The regulatory system struggled to keep pace with the changes. The existence of separate watchdogs for securities, insurance and banking meant there was no unified regulatory framework and the lack of coordination among them allowed companies to engage in risky and irregular practices.
The government started to address these shortcomings last year. In July the Financial Stability and Development Committee was set up as a cabinet-level body to strengthen supervision of the financial system, prevent systemic risks, formulate new laws and regulations, and coordinate the various regulators that oversee China’s sprawling financial industry.
And in the most significant shake-up in the structure of China’s financial regulatory framework since 2003, the government announced on March 13 that the China Banking Regulatory Commission and the China Insurance Regulatory Commission would merge as part of the overhaul of the state bureaucracy.
Although Zhou was a firm proponent of overhauling the financial system, he also recognized that reforms should only be carried out when conditions were right, and emphasized the need to grasp “windows of opportunity.” In an interview with Caixin in 2016, Zhou said, “one should take decisive action when windows of opportunities open up, but refrain from reckless moves in the absence of such windows.”

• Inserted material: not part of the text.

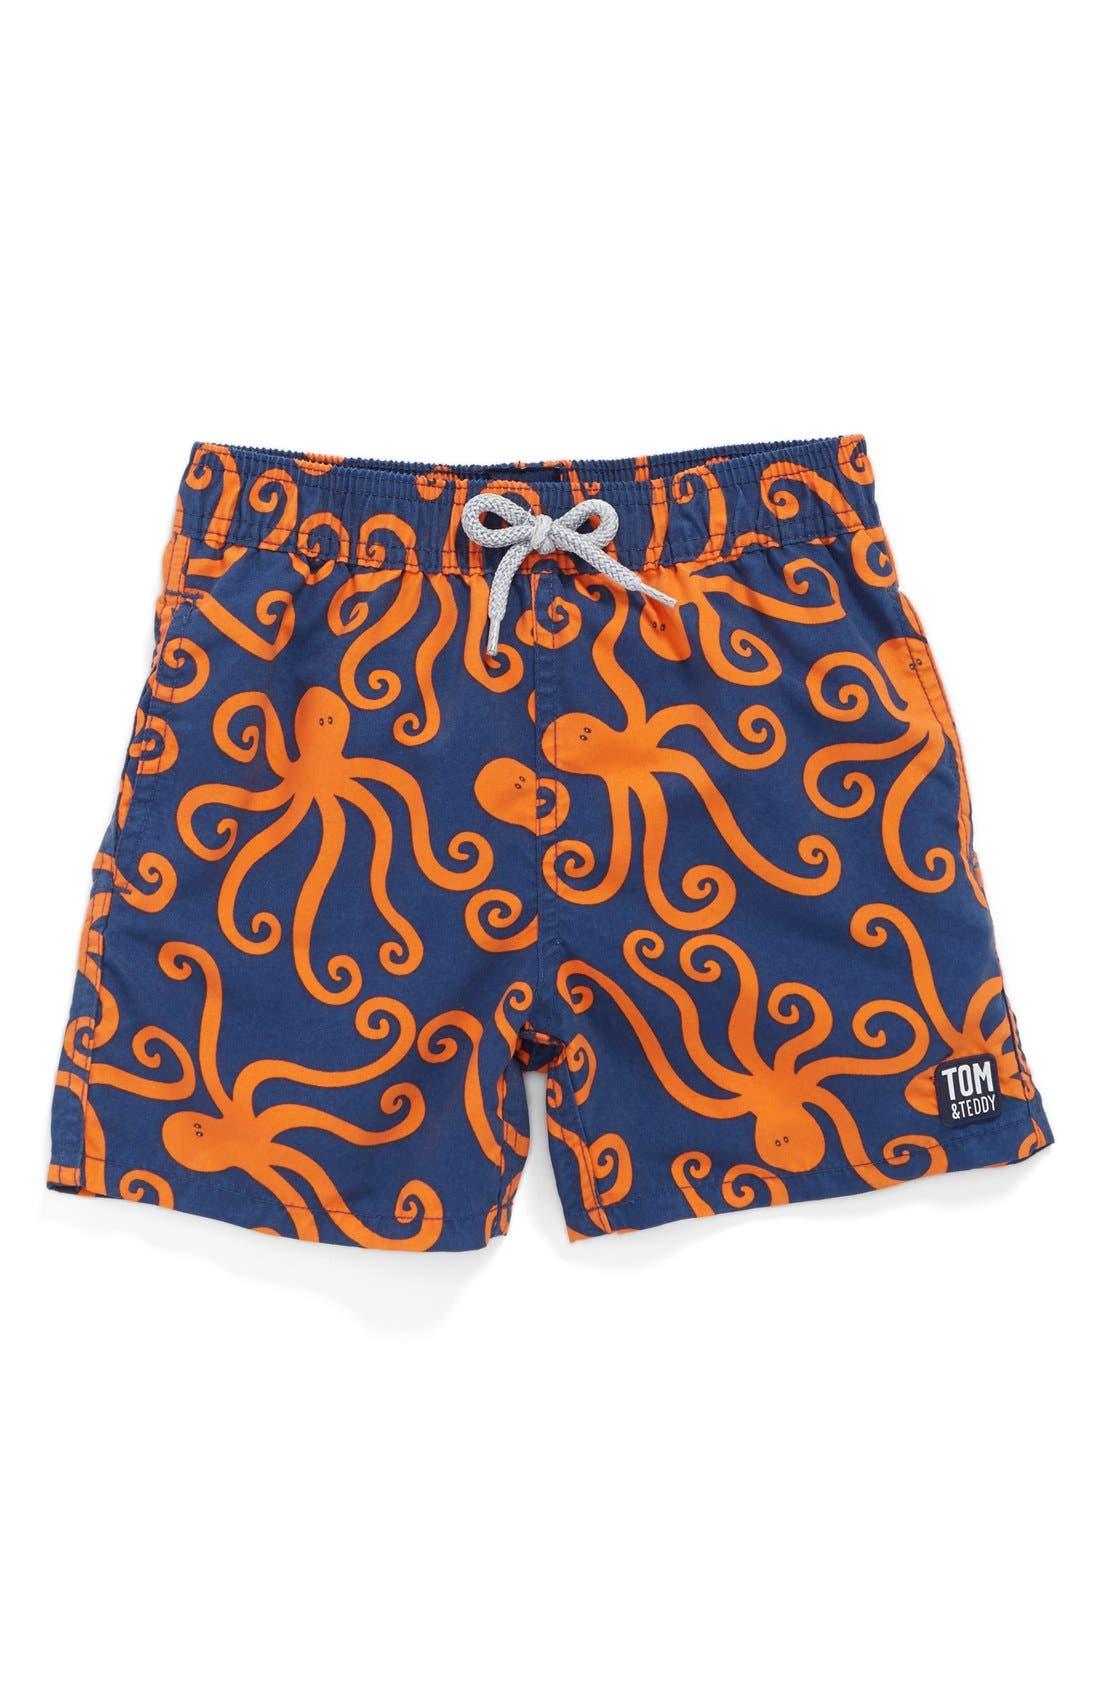 'Octopus Pattern' Swim Trunks,                         Main,                         color, Blue Orange

In the months before he stepped down, Zhou became increasingly vocal about the need to tackle the systemic risks that were building up in the financial system, including excessive debt and a boom in asset prices. He emphasized the urgency of reform and opening-up, arguing that doing so would ensure financial stability and improve the performance of financial institutions.
At a press conference during a key five-yearly meeting of the Communist Party in October last year, the 19th Party Congress, Zhou warned that the country must take measures to avoid a “Minsky moment,” a situation where asset values suddenly collapse as a result of an unsustainable buildup of debt and credit-fuelled speculation, and trigger a financial crisis.

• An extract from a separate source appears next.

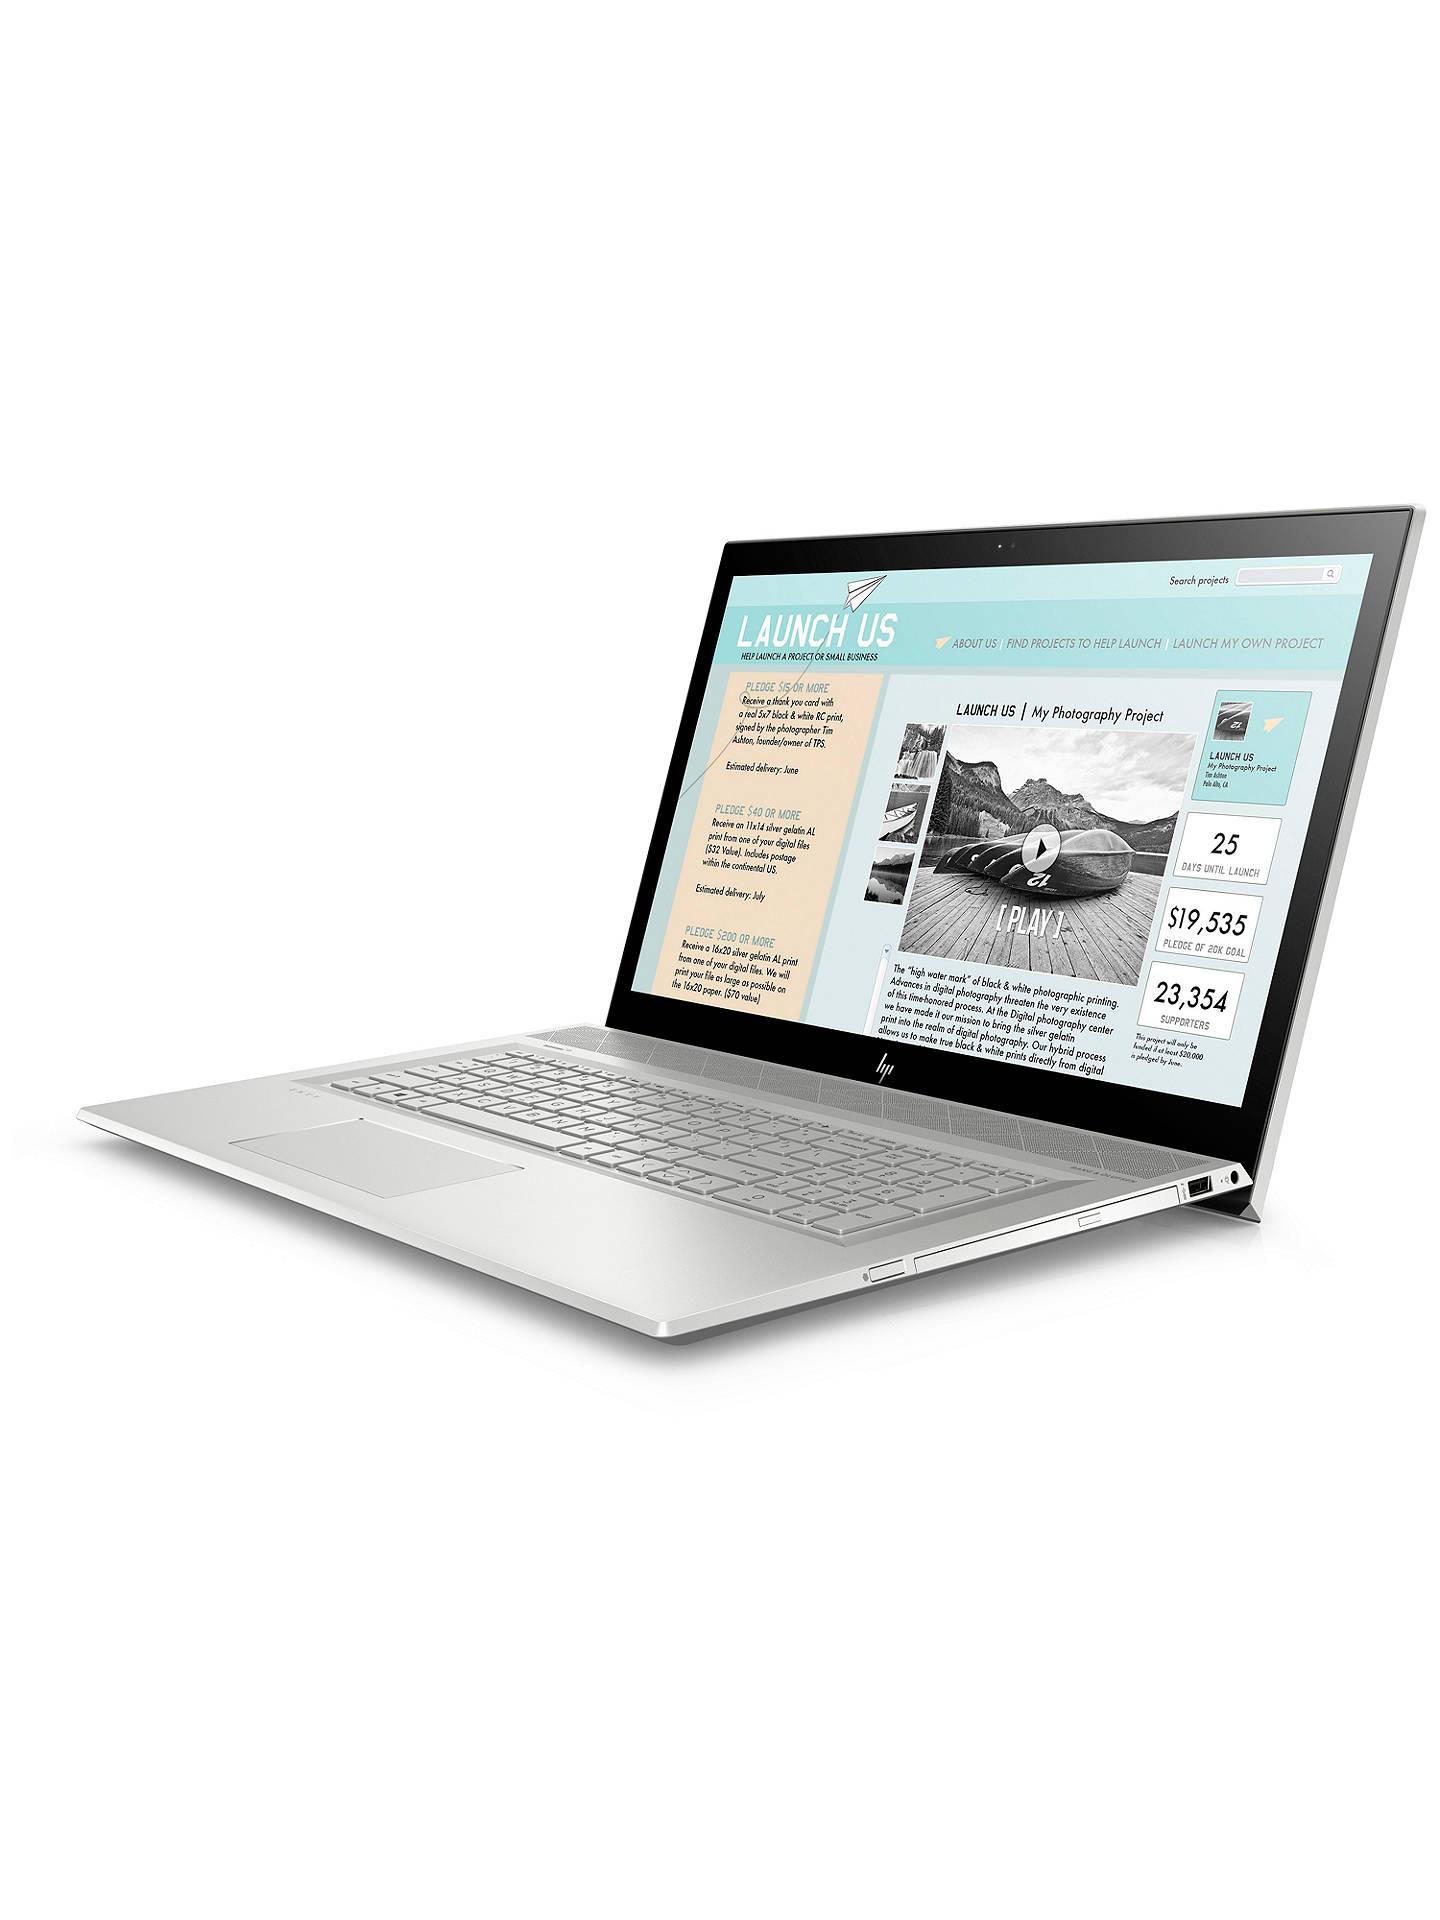 HP ENVY 17-bw0999na Laptop, Intel Core i7, 8GB RAM, 1TB HDD + 16GB Intel  Optane Memory, 17 3

“If there is too much optimism during a period of prosperity, tensions will build up which could at some point lead to a sharp correction. We must defend against such a sudden, dramatic correction,” he said.
The following month, a book was published to expand on the roadmap for the country's economic and social development decided by the 19th Party Congress that included an article (link in Chinese) written by Zhou. He warned of “multi-faceted, hidden, complex, contagious and hazardous” risks accumulating in the financial system that could suddenly erupt, and called on regulators to “take the initiative to prevent systemic risks by accelerating financial reform and opening up.”
Zhou reiterated the need for China to continue down that path during his final press conference at this year's annual meeting of the National People's Congress, and urged the government to “be bolder” in opening up. The PBOC governor has been one of the most popular fixtures at the congress for the last 15 years, retaining his composure and good humor even as he was mobbed by journalists. At packed press conferences he fielded questions that ranged from monetary policy and the exchange rate to cryptocurrencies with patience, courtesy and tact.
This year, however, attention focused on his legacy. But when asked to name his greatest accomplishments and regrets Zhou refused to be drawn, saying only: “I feel very honored to work with all of you to push forward China's financial reform and opening-up.”
Wang Liwei contributed reporting for this article.